RAW DATA:
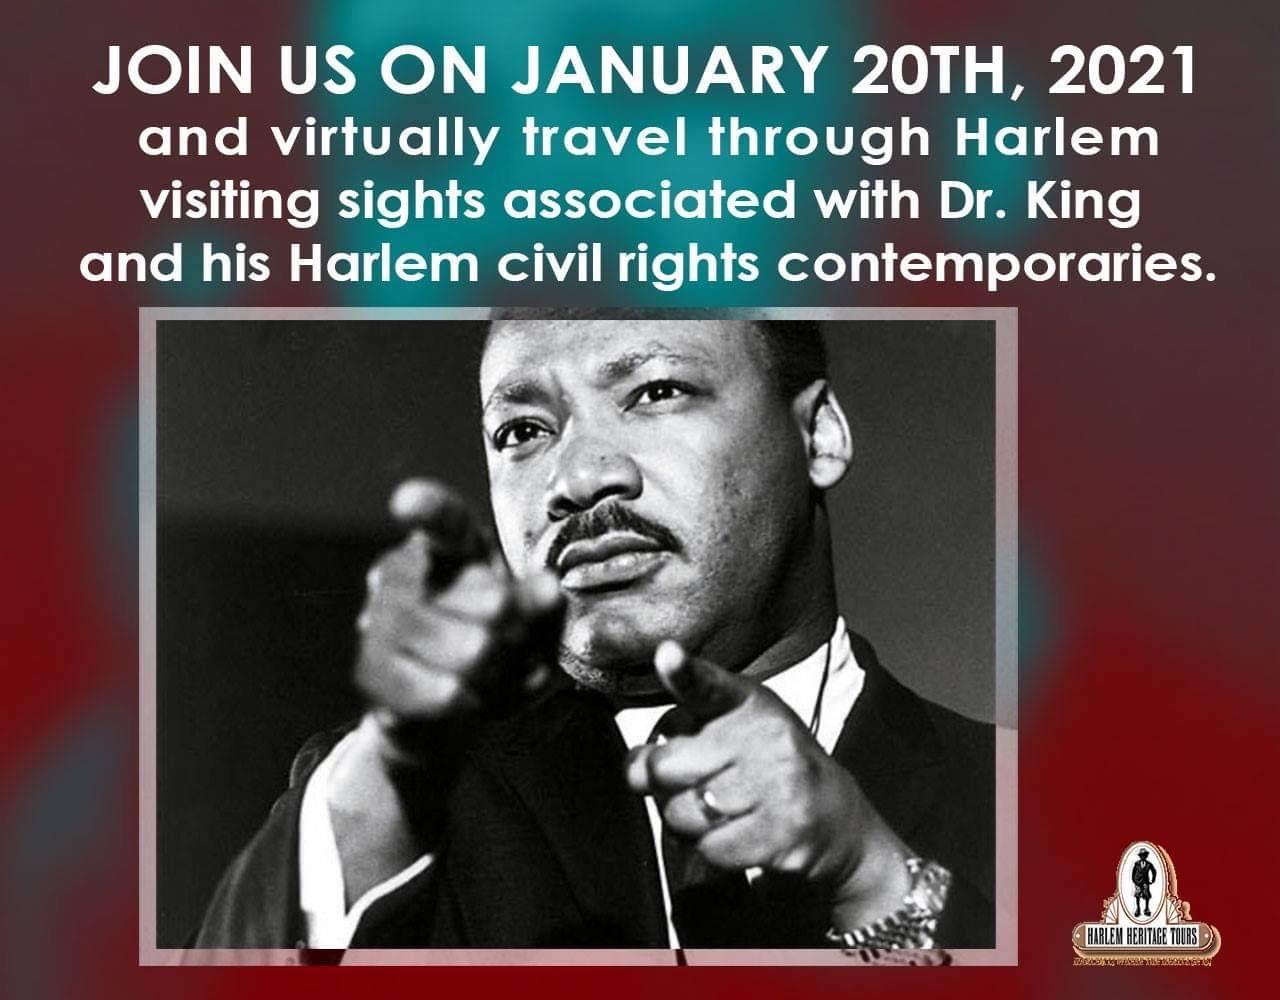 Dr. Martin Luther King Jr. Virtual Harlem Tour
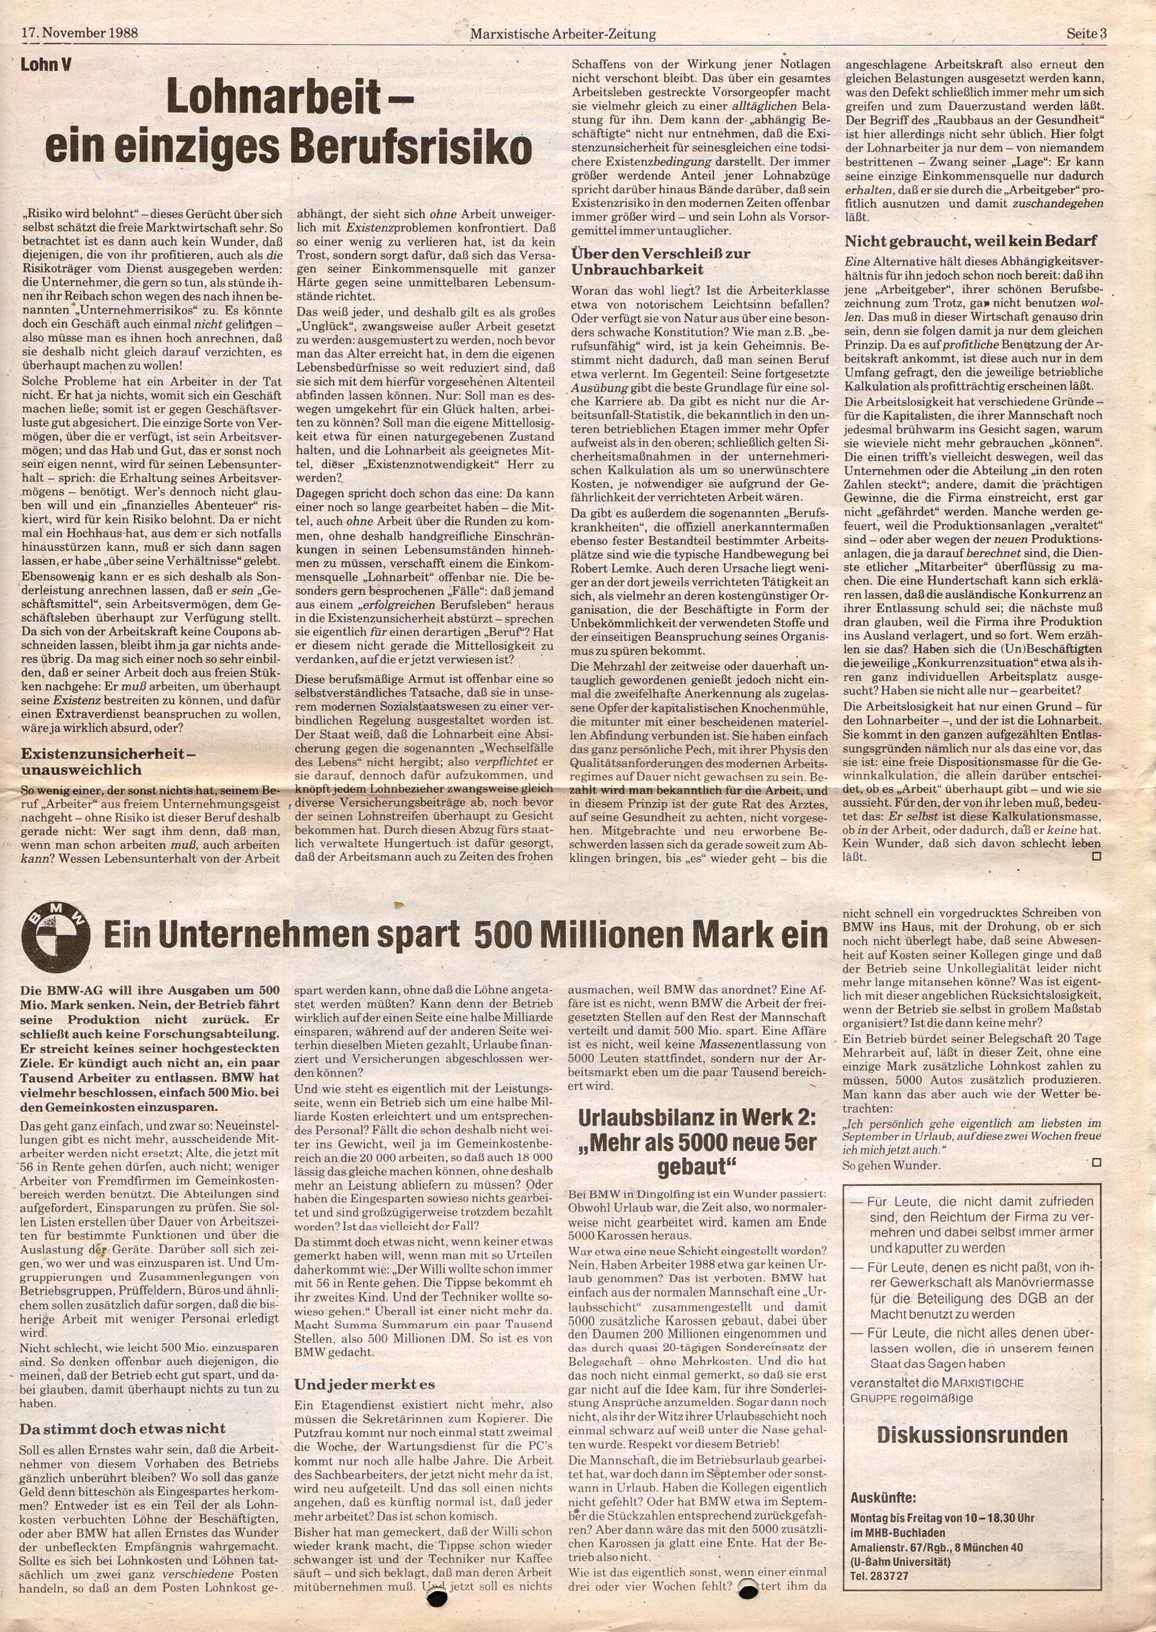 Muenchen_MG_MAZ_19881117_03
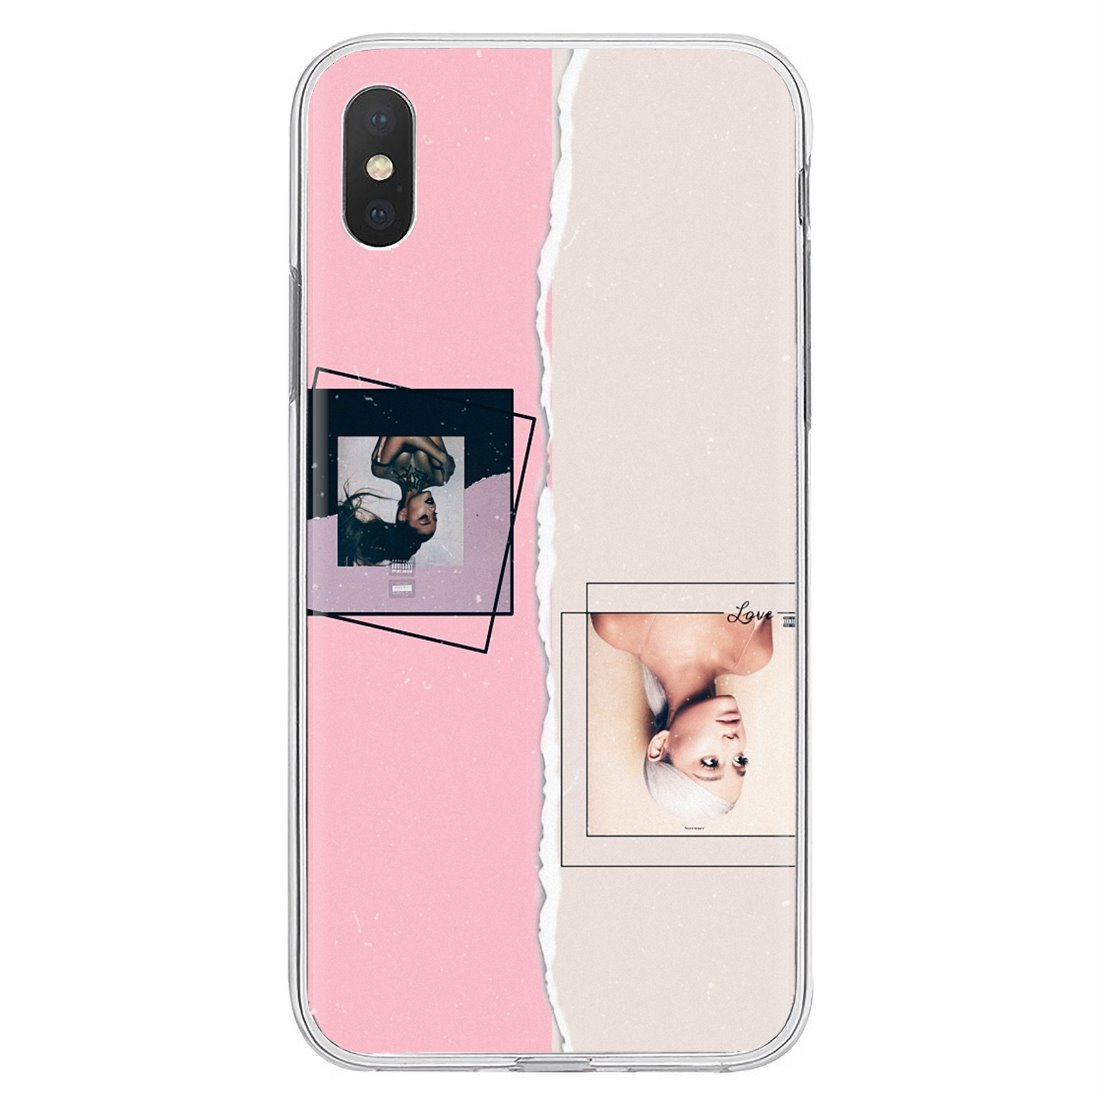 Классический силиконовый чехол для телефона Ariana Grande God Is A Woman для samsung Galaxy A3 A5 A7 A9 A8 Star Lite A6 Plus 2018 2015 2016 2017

INSTRUCTIONS FOR THE TASK:
Set down the material exactly as given, but print none of the pictures.

EXPECTED ANSWER:
 Dr. Martin Luther King Jr. Virtual Harlem Tour
 Muenchen_MG_MAZ_19881117_03
 Классический силиконовый чехол для телефона Ariana Grande God Is A Woman для samsung Galaxy A3 A5 A7 A9 A8 Star Lite A6 Plus 2018 2015 2016 2017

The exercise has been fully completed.